Blick auf Signale des Immunsystems
Statt sich ausschließlich auf das Bakterium zu konzentrieren, richteten die Forschenden ihr Augenmerk auf drei Substanzen in Blut und anderen Körperflüssigkeiten, die ansteigen, wenn das Immunsystem auf TB reagiert: Adenosin-Deaminase (ADA), Interferon‑Gamma (IFN-γ) und Interleukin‑6 (IL-6). Jede steht für einen anderen Aspekt der Abwehr – T‑Zell‑Aktivierung, ein wichtiges schützendes Immun‑Signal, beziehungsweise allgemeine Entzündung. Da sich diese Marker mit relativ einfacher Laborausstattung und in verschiedenen Probenarten messen lassen, bieten sie einen vielversprechenden Ansatz zur Unterstützung der Diagnose an Orten, an denen hochspezifische molekulare Tests selten oder langsam verfügbar sind.

Wie die Studie durchgeführt wurde
Das Team analysierte die Krankenakten von 605 Patienten, die zwischen 2020 und 2025 in einem großen Lungenkrankenhaus im Süden Chinas behandelt wurden. Alle wiesen Symptome auf, die durch TB verursacht werden können, wie Husten, Fieber oder Flüssigkeitsansammlungen um Lunge oder Bauch. Ein empfindlicher Nukleinsäure-Amplifikationstest – ein Verfahren, das TB‑DNA nachweist und als strenger mikrobiologischer Standard gilt – diente zur Feststellung, wer tatsächlich TB hatte und wer nicht.

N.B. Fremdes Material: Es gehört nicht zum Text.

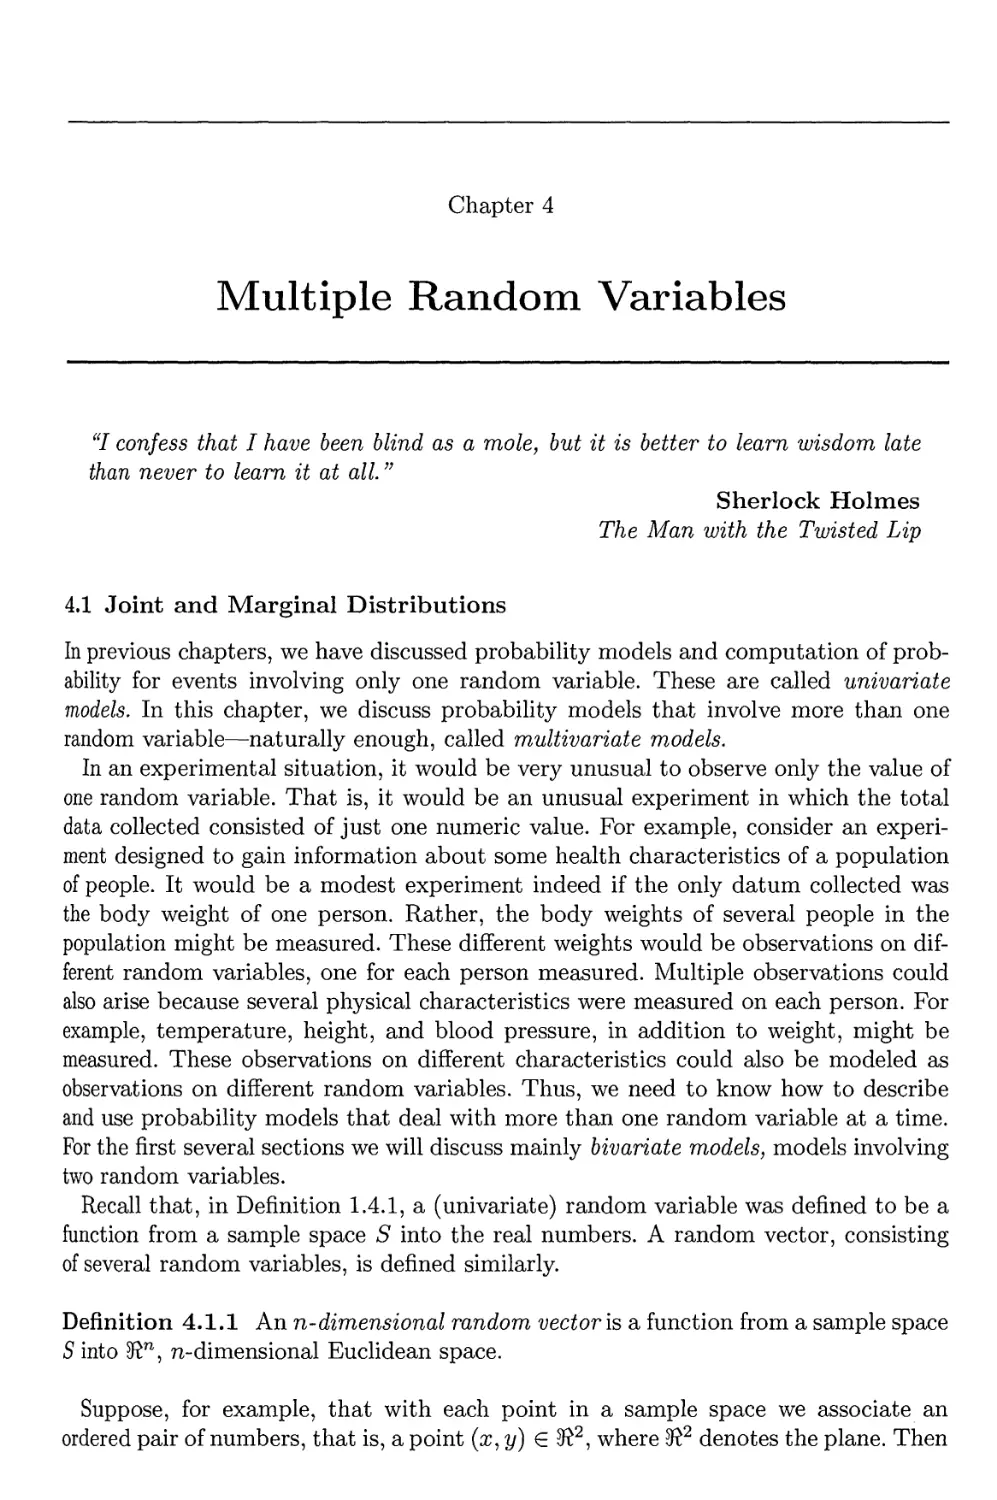 4. Multiple Random Variables
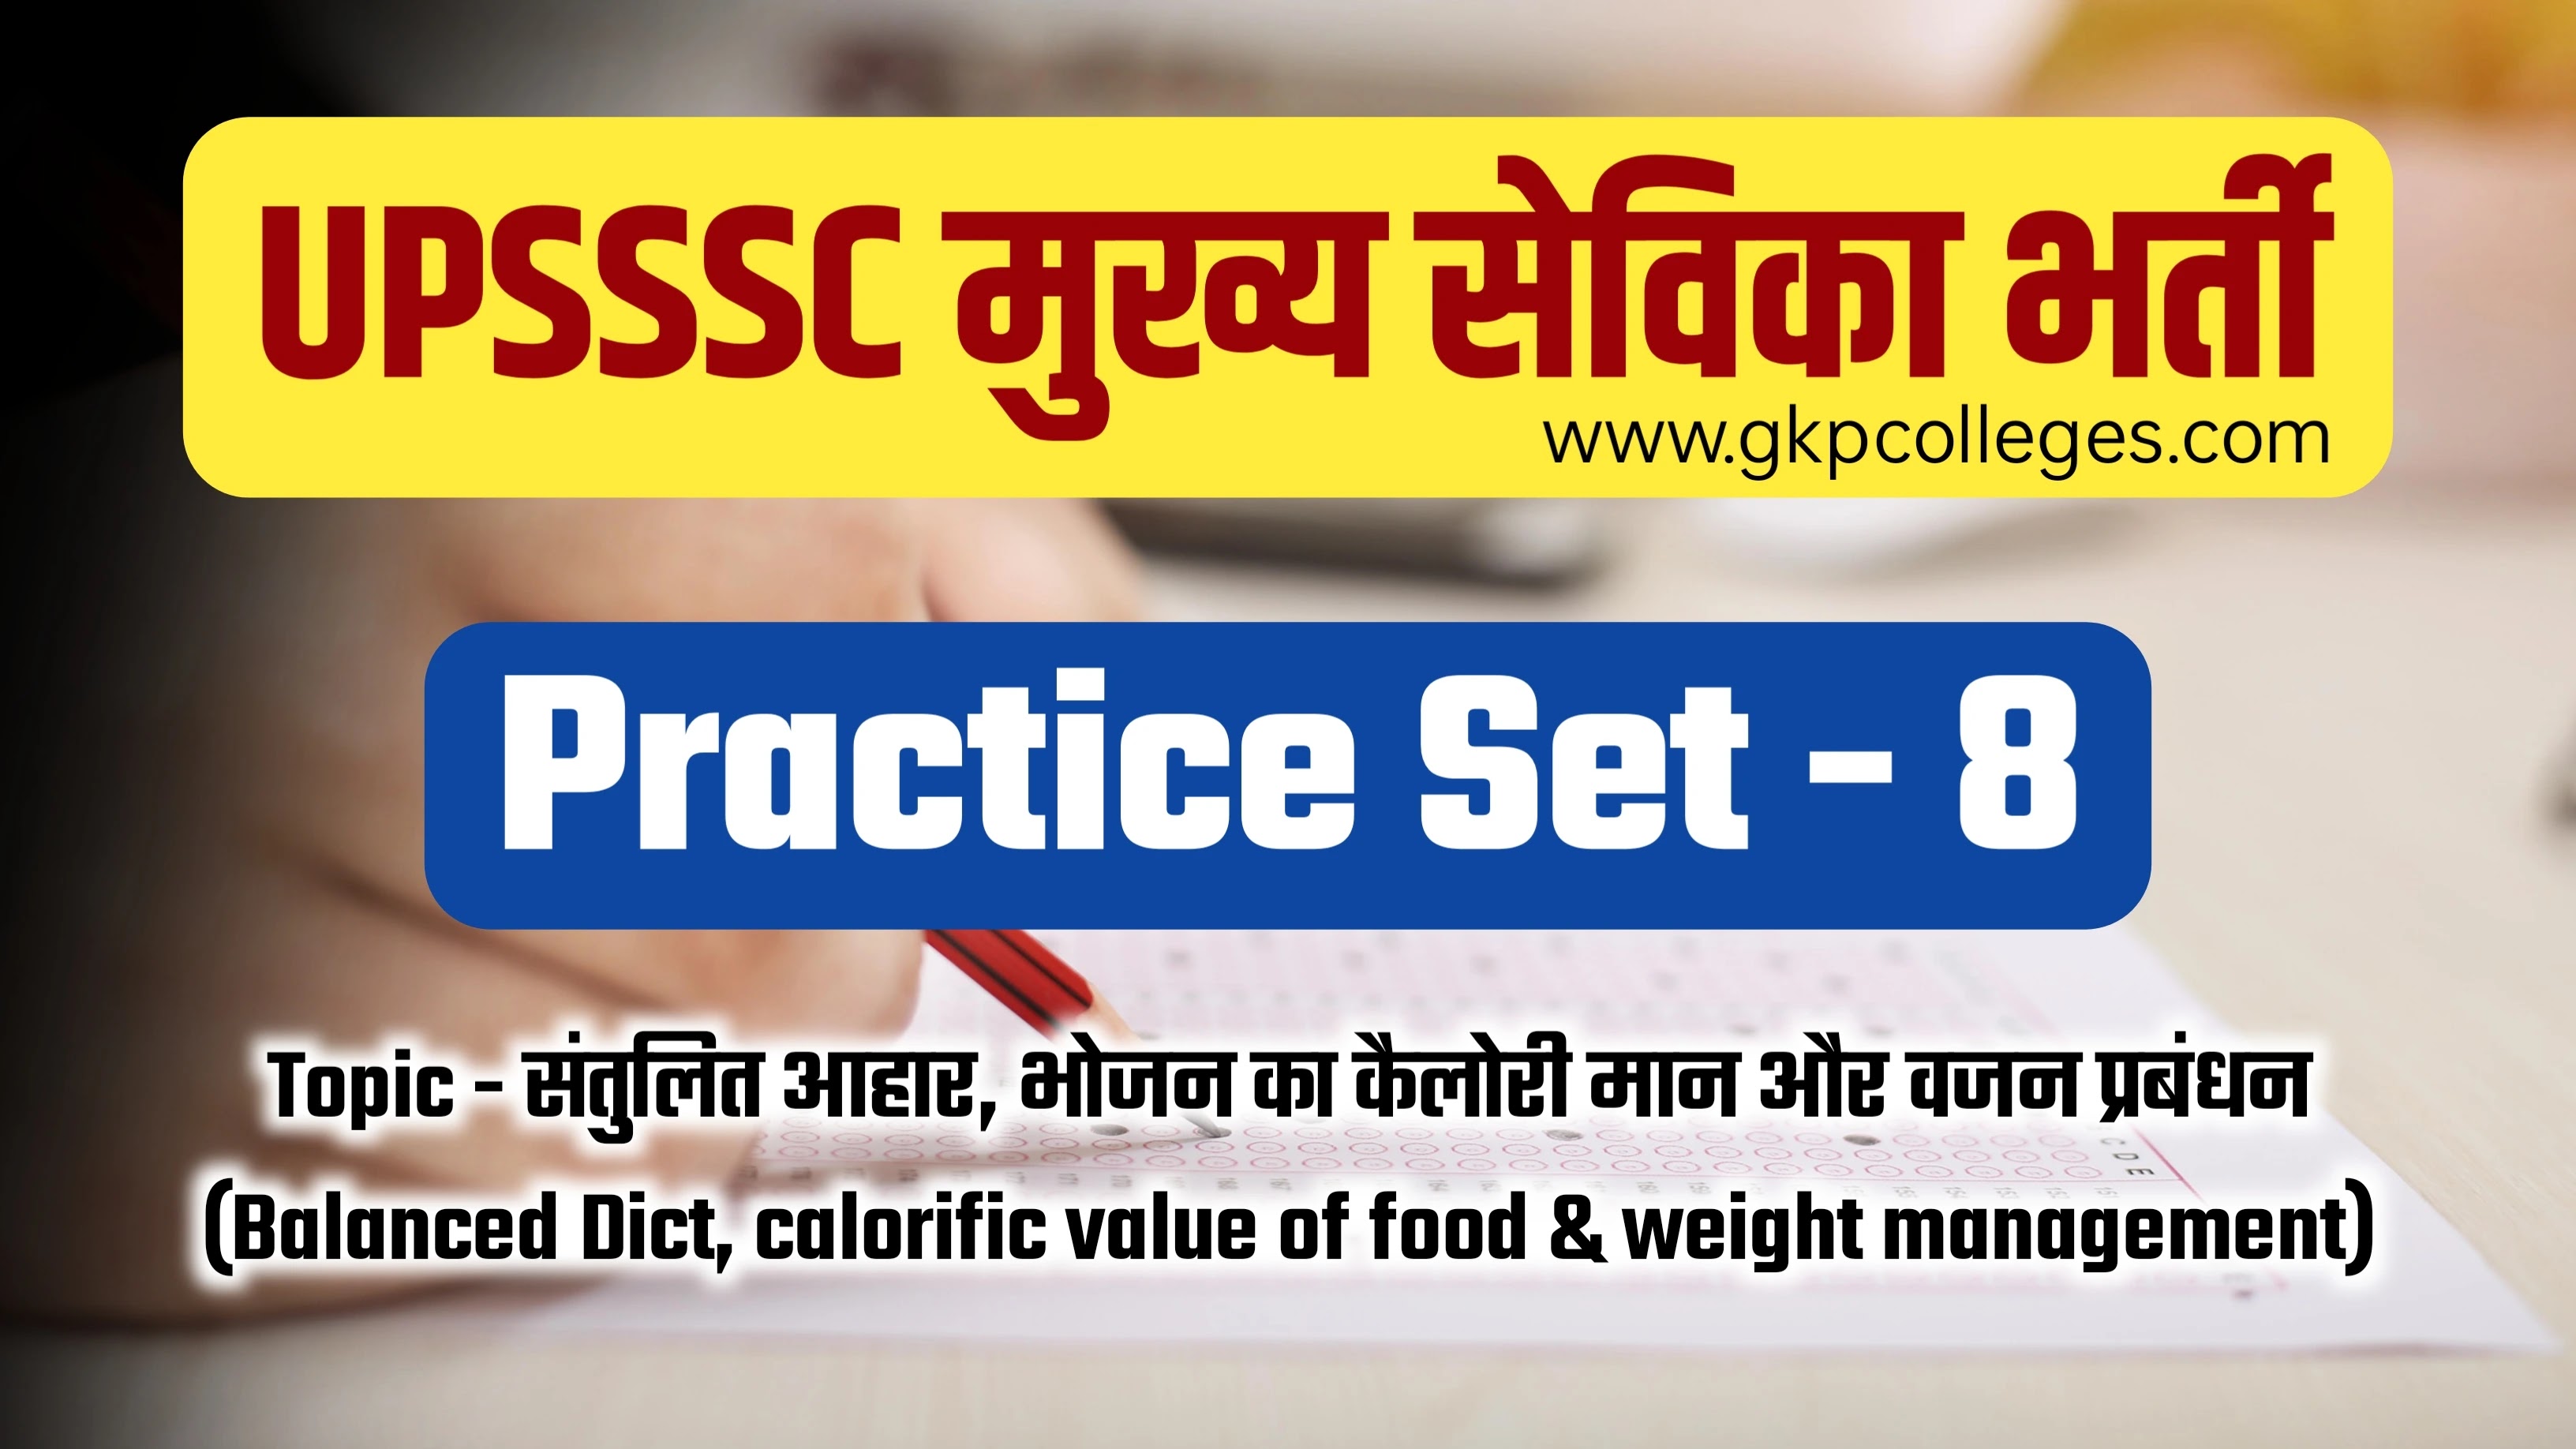 Practice Set - 8, UPSSSC Mukhya Sevika Recruitment 2022, संतुलित आहार, भोजन का कैलोरी मान और वजन प्रबंधन

Die Forschenden verglichen diese Ergebnisse dann mit Messungen von ADA, IFN-γ und IL-6 aus Blut‑ oder Körperflüssigkeitsproben aus dem gleichen Zeitraum und wählten sorgfältig einen repräsentativen Messdatensatz pro Patient aus.
Was einzelne und kombinierte Marker zeigten
Für sich genommen trennten die einzelnen Immunmarker TB von Nicht‑TB‑Erkrankungen besser als Zufall, doch keiner war allein genau genug, um als diagnostischer Test zu fungieren. IFN‑γ erzielte dabei die beste Einzelperformance, ADA zeigte einen gleichmäßigen, aber moderaten Wert, und IL‑6 war sehr sensitiv, neigte jedoch dazu, viele Personen ohne TB positiv zu markieren. Als das Team die Marker mathematisch kombinierte, verbesserten sich die Ergebnisse deutlich. Die Kombination von IFN‑γ mit IL‑6 lieferte die stärkste Gesamttrennung zwischen TB‑ und Nicht‑TB‑Fällen. Weitere Kombinationen halfen ebenfalls: Die Verknüpfung von ADA mit IFN‑γ erhöhte die Chance, wahre TB‑Fälle zu erfassen, und das Zusammenführen aller drei Marker verbesserte die Fähigkeit, Fehlalarme zu vermeiden.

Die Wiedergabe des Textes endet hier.